Kate Andrews Kate Andrews

Donald Trump is set to win the presidency

Donald Trump is on course to win the White House (Getty)

In the run-up to the US election, it was expected that the count could take days, possibly a week. Now, it looks like the 2024 election will be decided in a matter of hours. Swing states North Carolina and Georgia have been called for Donald Trump. Fox News reports that the most crucial swing state in this election – Pennsylvania – has been won by Trump. The surprise Selzer poll from over the weekend, showing Kamala Harris three points ahead in Iowa, proved badly wrong: Trump has won the state. The Republican candidate is now only a few electoral votes away from clinching the presidency. The prediction market Polymarket at 6am GMT gives the former president a 98 per cent chance of winning the election, and a 74 per cent change of winning the popular vote (this is up from 76 per cent at 3.40am GMT).

It’s not just the betting markets that are moving in Trump’s favour. The New York Times’s live ’needle’ has swung dramatically towards the former president, from ‘tossup’ at the start of the evening to a ‘very likely’ Trump win now (at time of publishing, they report a 95 per cent chance of winning). ‘Trump is favoured in each of Pennsylvania, Michigan and Wisconsin,’ writes Nate Cohn, the paper’s chief political analyst. ‘We’ll just have to wait longer to see whether maybe, just maybe, Harris will do better than expected in key Democratic areas.’ The paper’s current models give Trump the edge is every swing state.

The numbers keep moving – and they are shifting in the wrong direction for Kamala Harris

The numbers keep moving – and they are shifting in the wrong direction for Kamala Harris. Does that mean the night is over? There’s a good reason the broadcasters – who are in competition to call this election first – won’t do so yet. It remains too early to say who has won the Rust Belt states. As of an hour ago, Harris’s team was still sounding optimistic. A memo, addressed from campaign chair Jen O’Malley Dillon, let staff know they ‘feel good’ about the prospect of holding the Blue Wall. Were Harris to surprise in Michigan and Wisconsin, she’s got a possible pathway to victory. 

But markets suggest that prospect is slipping away from the Harris camp by the minute. Not everyone is optimistic. The Times reports Harris’s party at Howard University in Washington DC just wrapped up. ‘You won’t hear from the vice president tonight, but you will hear from her tomorrow,’ said the co-chair of the Harris campaign. A much more ominous tone.

How did we get here? Early reports suggest that demographic trends are shifting once again: NBC’s Michigan’s exit poll reports a four-point lead for Trump with voters under the age of 30: a sign that his efforts to turn out younger men (who are less likely to vote) may have proved successful. There is also early indication that Harris may have underperformed with the female vote: the bloc she is counting on to get her over the Electoral College finish line.
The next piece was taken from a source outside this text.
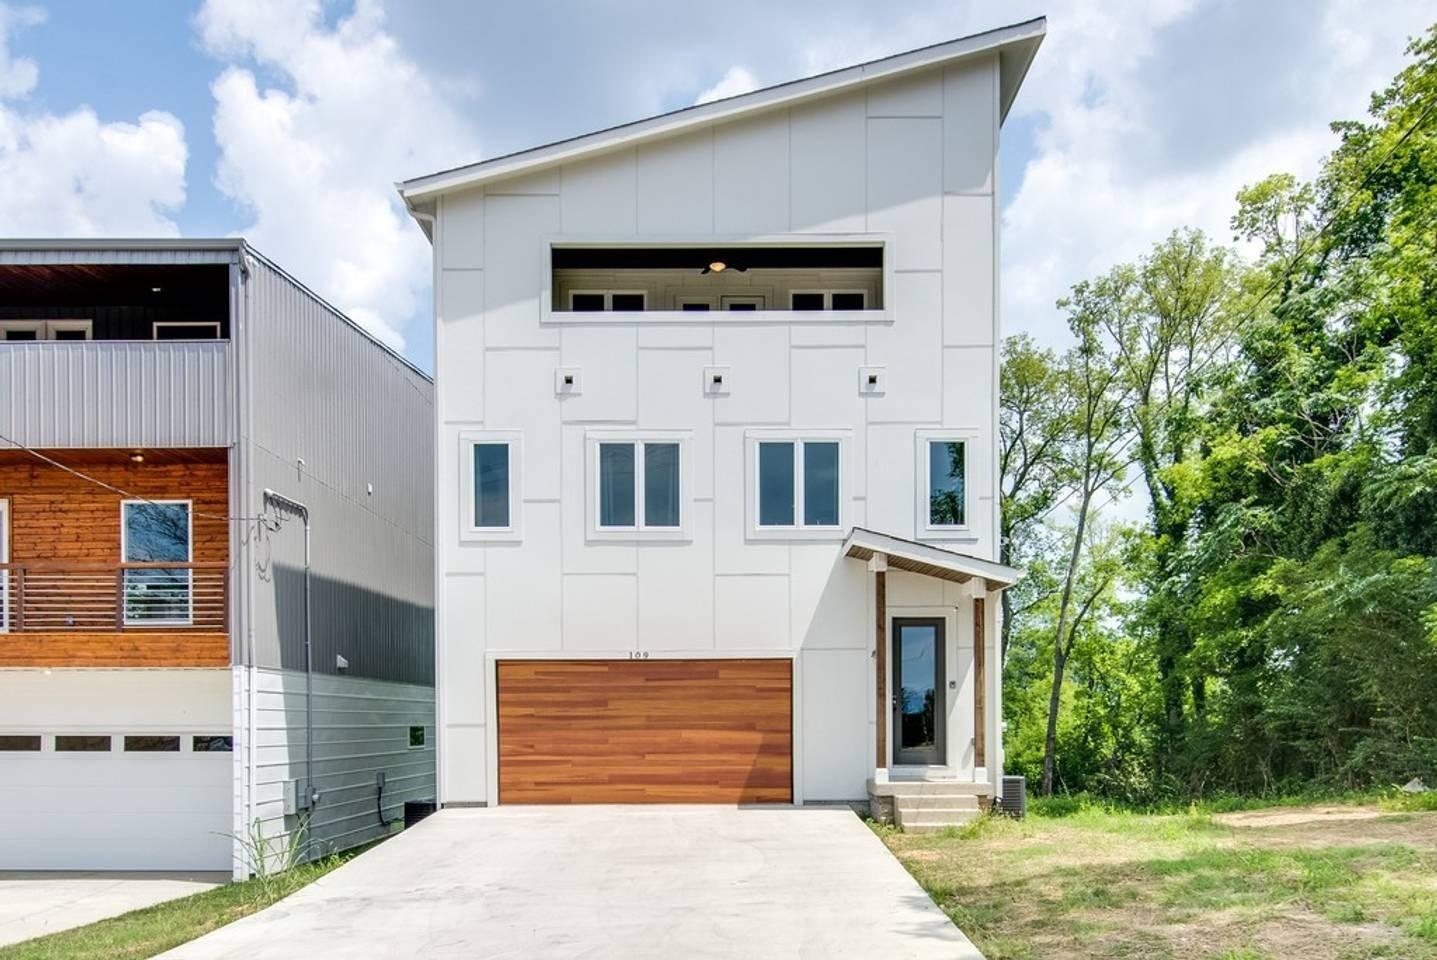 109 Fern Ave, Nashville, TN 37207 - Nashville, TN real estate listing

But it may well come down to ‘the economy, stupid’. Doesn’t it always? Exit polls show that the overwhelming issue in this election was the economy, with 39 per cent of respondents telling Fox News it was the ‘most important issue facing the country’, followed by immigration at 20 per cent (abortion only landed at 11 per cent). It’s not just Fox with these figures: CNN also found the economy ranked the ‘most important issue’, at 31 per cent (abortion slightly outranks immigration in their poll, 14 per cent to 11 per cent).
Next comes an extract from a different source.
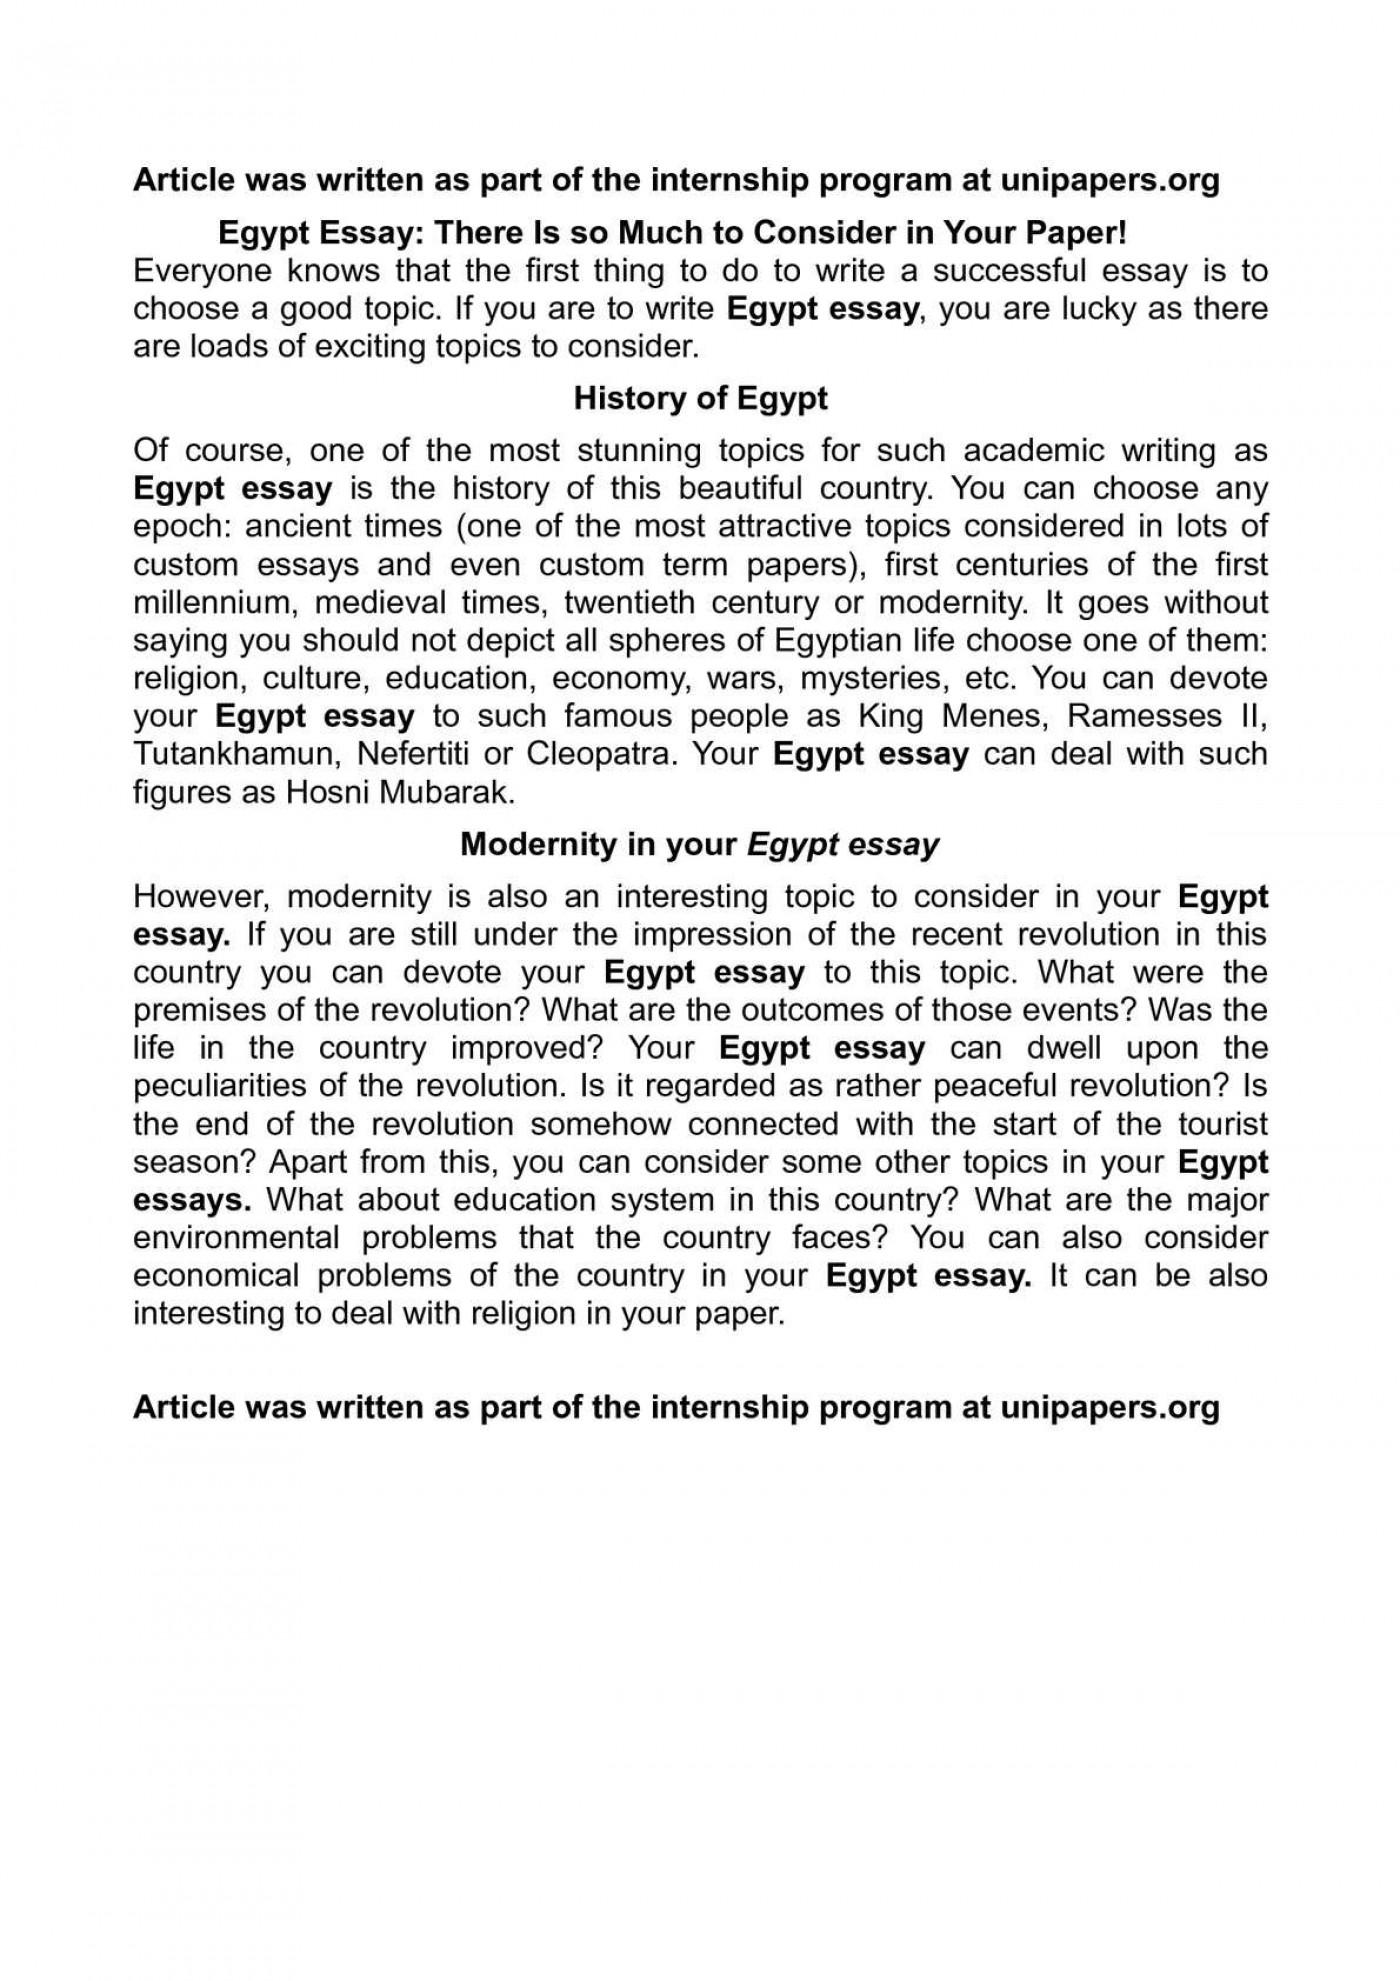 Gun control essay introduction

If the economy – particularly inflation – determines this election, that will neatly fit into the trend across the West, which has seen incumbent governments, regardless of party, face a reckoning at the polling booth, as voters make clear what they think of the cost-of-living crisis.

Nothing is certain. America can always surprise. But as Freddy Gray reports on the latest Americano podcast, the mood is shifting in Palm Beach, Florida, where Trump is hosting his election night party – from cautious optimism to bullish victory. This may be premature. But it doesn’t look that way.